Figure 2 shows an overview of the identification of the artisan workshops that generate waste, the productive activities of timber harvesting in the forests (Figure 2b), as well as the volume of waste generated in a working day (Figure 2c). Of the 50 workshops analyzed, the waste production that is usually generated was quantified weekly for one month by means of private visits to each workshop, with the help of a basic diagnostic instrument and a digital hook scale. It is important to mention that these workshops are the ones with the largest volume of operations throughout the year. The sampling of residues was carried out estimating the daily weight for one week from each workshop. For the experimental, physico-chemical and heating value analyses, samples from each workshop were analyzed.
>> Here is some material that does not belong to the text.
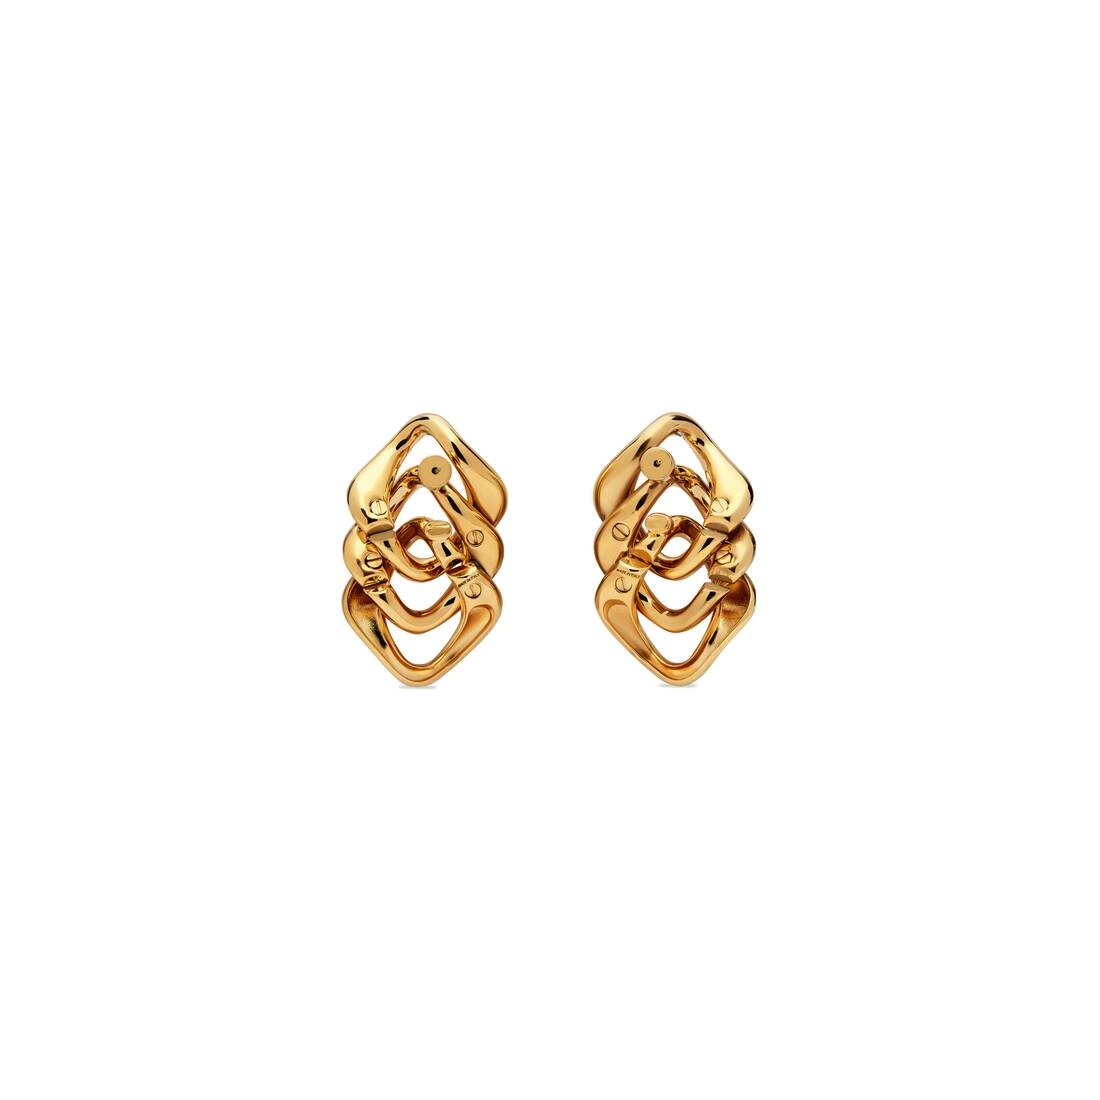 Women's Linked Earrings in Gold - 2

2.5. Analysis of Energy Potential

Using the data from the previous analyses, it was possible to obtain the amount of energy available in the generated waste. This study addresses the specific case of the town, where the generated waste is mostly dry, and two types are generated: sawdust and chips. Therefore, the heating value resulting from the characterization process was extrapolated to all the residual biomass available on a weekly, monthly and annual basis, for each workshop and for all the studied workshops, as well as for all the workshops in the community. Also, the available technical potential was estimated considering the combustion technologies used in the town, which are mainly open-air stoves without insulation, with an average thermal efficiency of 10% [48,49].
Additionally, a map of the energy potential available by point of spatial location in the community was generated, based on waste production. The study site (San Francisco Pichátaro), located in the municipalities of Tingambato, Nahuatzen, Erongarícuaro and Pátzcuaro, in the state of Michoacán, has a surface area of 9088.054756 ha [50], with a single homonymous population center.
Thus, to produce the map, an Excel database was fed with 50 sites that correspond to the analyzed workshops. Identification information, biomass production and available energy were included, in addition to spherical geographic coordinates in decimal format. The geographic space of the community was visualized using the QGis program [51]. In the same program, the geographic data were saved as vector files of point geometry in “shape” format, to later be reprojected to the UTM system for processing purposes in metric units.
An inverse distance weighted interpolation analysis (IDW) was performed, where the sampling points are weighted with a function of the inverse of the distance so that the influence between points decreases with the distance [52]. For this, the “IDW interpolation” plugin was applied in QGis, where both the biomass production (chips and sawdust) and the available energy were used as interpolation attributes, in such a way that three raster files with a resolution of 15 m were generated. The generation of isolines was applied to each raster layer to clearly delimit the categories that were generated by the interpolation analysis. These were generated in intervals of 10 for biomass and 0.1 for energy. Finally, for rendering purposes, each raster file was converted to shape polygons using the “raster pixels to polygons” plugin and reclassified using equal intervals and 10 classes.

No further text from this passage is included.